The starting point of the MCMC chains come from a random draw, set by the kickoff argument (optional, default: ‘normal’). This can be a Normal-distribution draw centered at params with standard deviation pstep; or it can be a uniform draw bewteen pmin and pmax.

The snooker DEMC, in particular, needs an initial sample, set by the hsize argument (optional, default: 10). The draws from this initial sample do not count for the posterior-distribution statistics.

Usually, these variables do not have a significant impact in the outputs. Thus, they can be left at their default values.

Optimization

When not None, the leastsq argument (optional, default: None) run a least-squares optimization before the MCMC:

# Optimization before MCMC, choose from: 'lm' or 'trf':
leastsq = 'lm'
chisqscale = False

Set leastsq='lm' to use the Levenberg-Marquardt algorithm via Scipy’s leastsq, or set leastsq='trf' to use the Trust Region Reflective algorithm via Scipy’s least_squares.

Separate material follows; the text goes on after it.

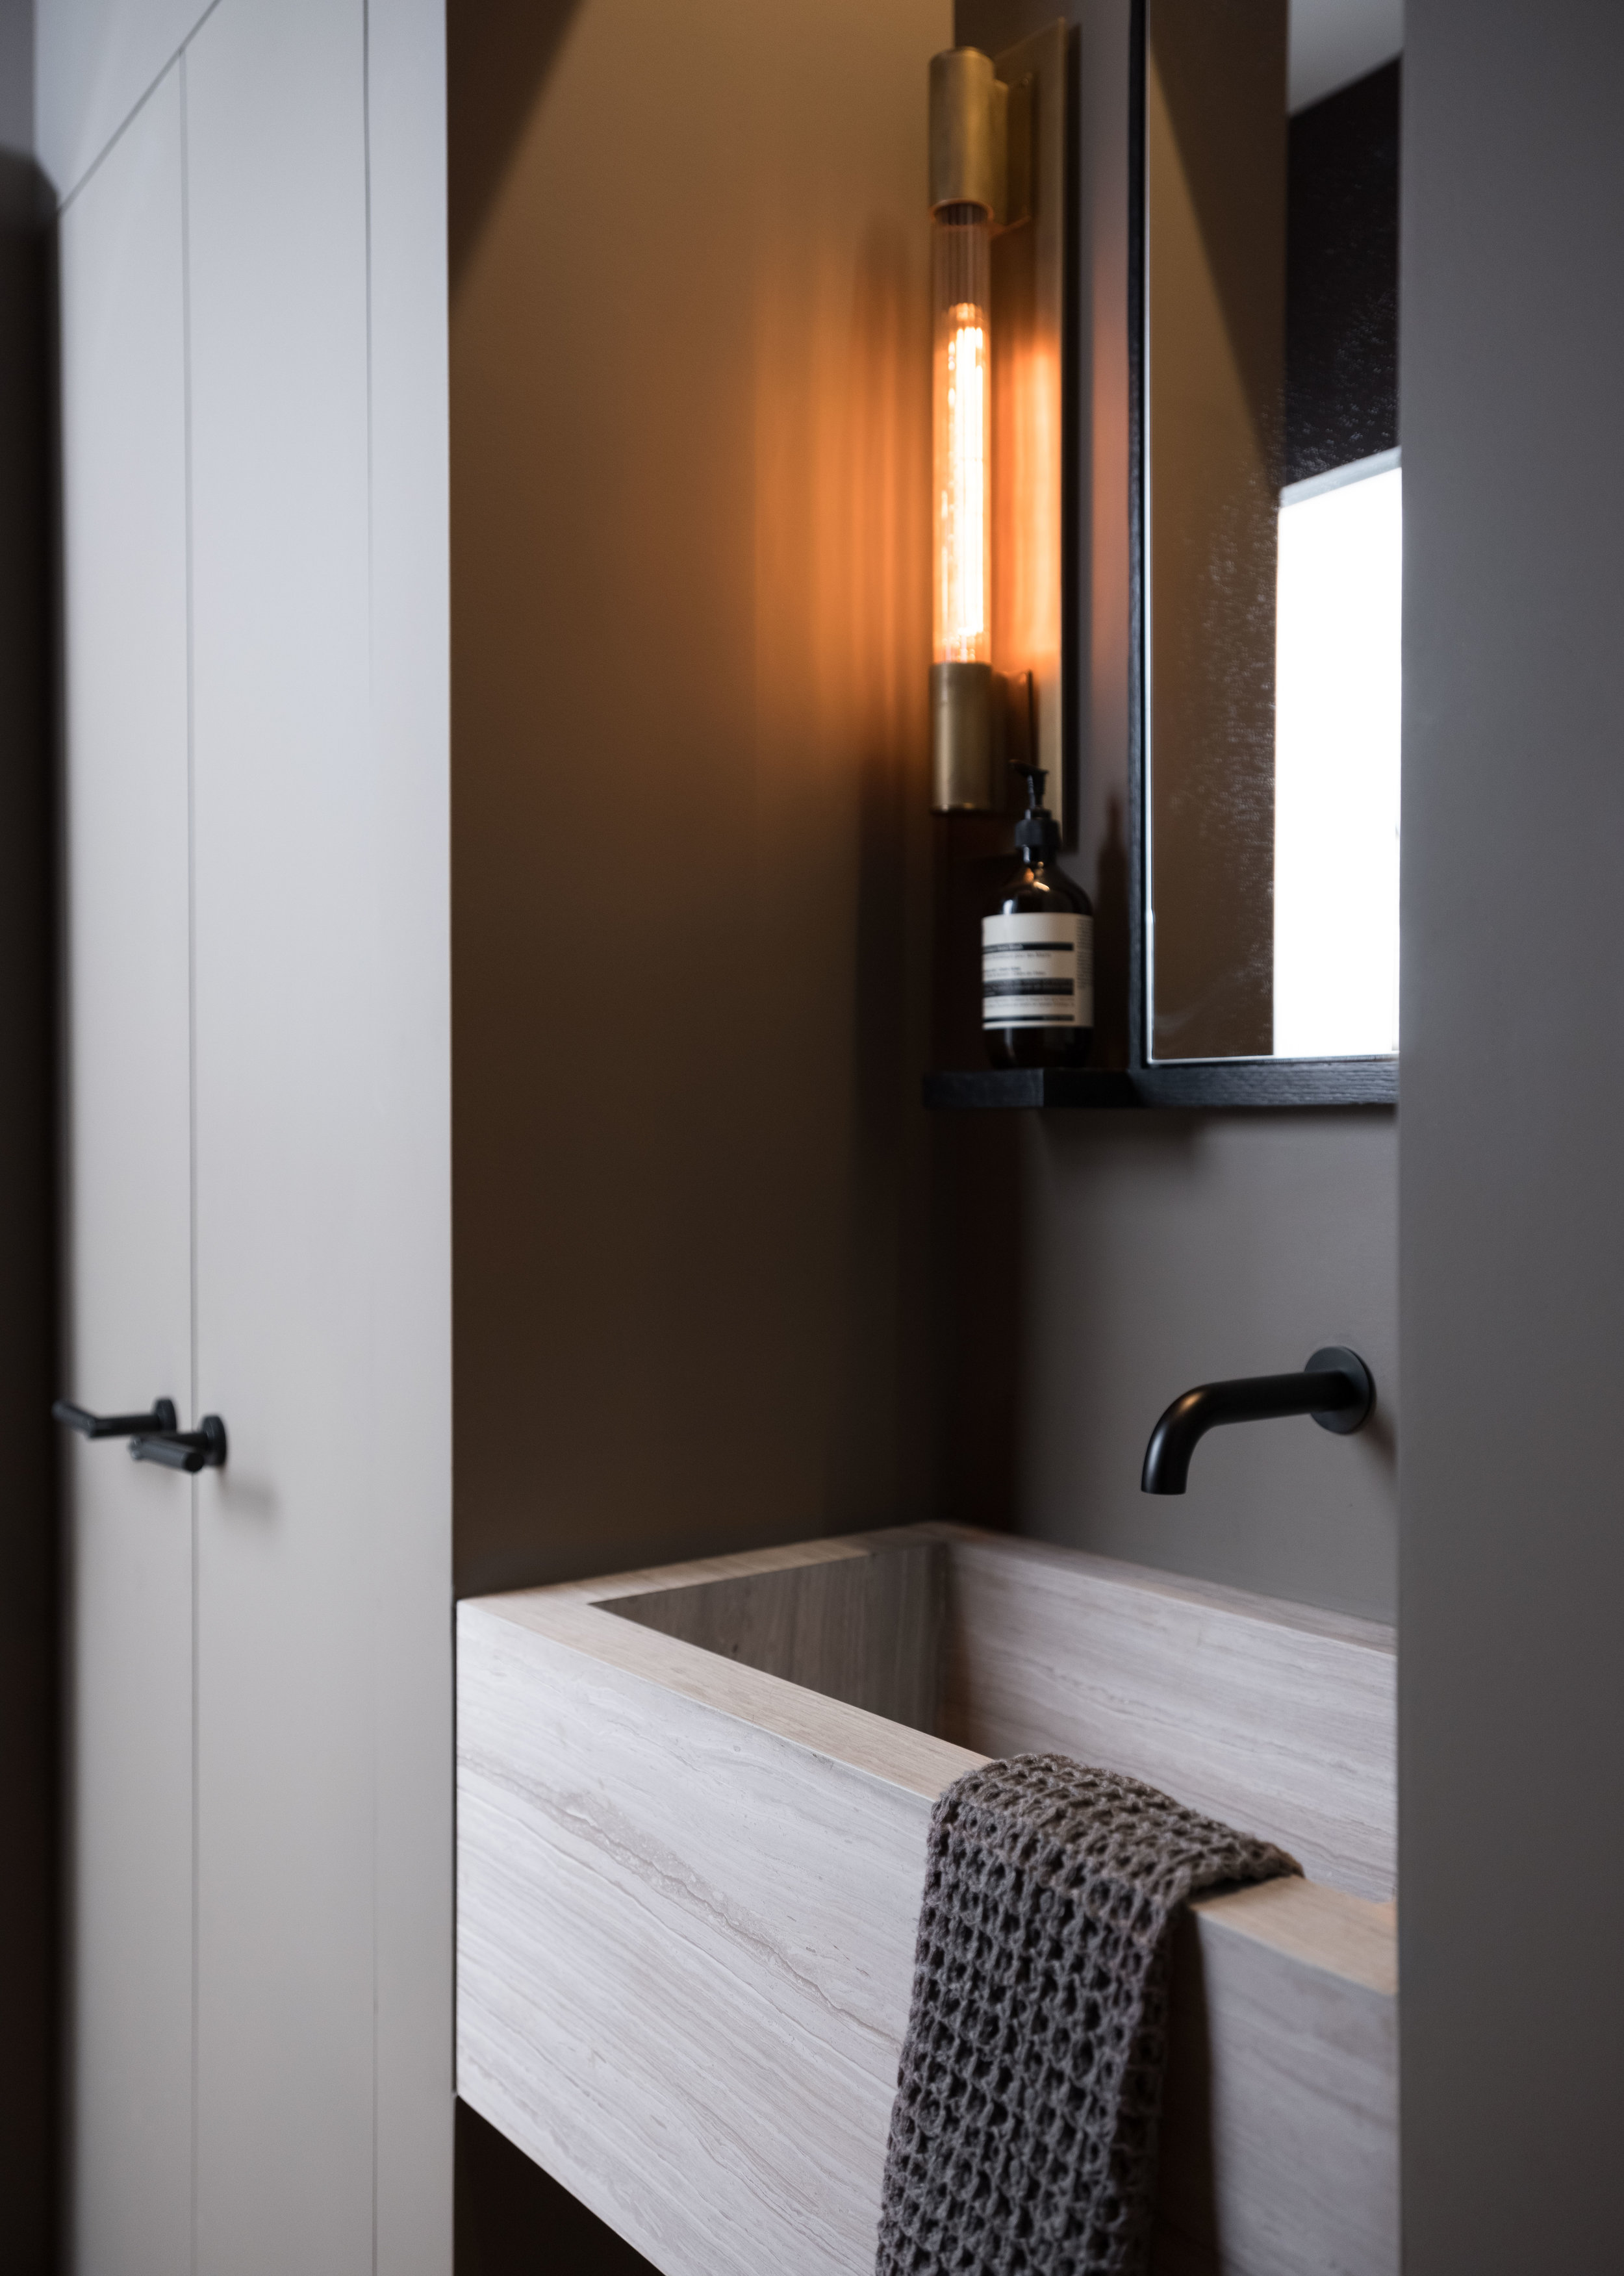 Mirror by Nafco  Materials: Ebonized oak & glass  Location: Powder Room,  Industrial Cast Iron Soho Loft

Fixed and shared-values apply during the optimization (see Stepping Behavior), as well as the priors (see Parameter Priors).

Note

From the scipy documentation: Levenberg-Marquardt ‘doesn’t handle bounds’ but is ‘the most efficient method for small unconstrained problems’; whereas the Trust Region Reflective algorithm is a ‘Generally robust method, suitable for large sparse problems with bounds’.

The chisqscale argument (optional, default: False) is a flag to scale the data uncertainties to enforce a reduced \(\chi^{2}\) equal to \(1.0\). The scaling applies by multiplying all uncertainties by a common scale factor.

Convergence

mc3 checks for convergence through the Gelman-Rubin test ([GelmanRubin1992]):

# MCMC Convergence:
grtest = True
grbreak = 1.01
grnmin = 0.5

The grtest argument (optional, default: False), when True, runs the Gelman-Rubin convergence test. Values larger than 1.01 are indicative of non-convergence. See [GelmanRubin1992] for further information. The Gelman-Rubin test is computed every 10% of the MCMC exploration.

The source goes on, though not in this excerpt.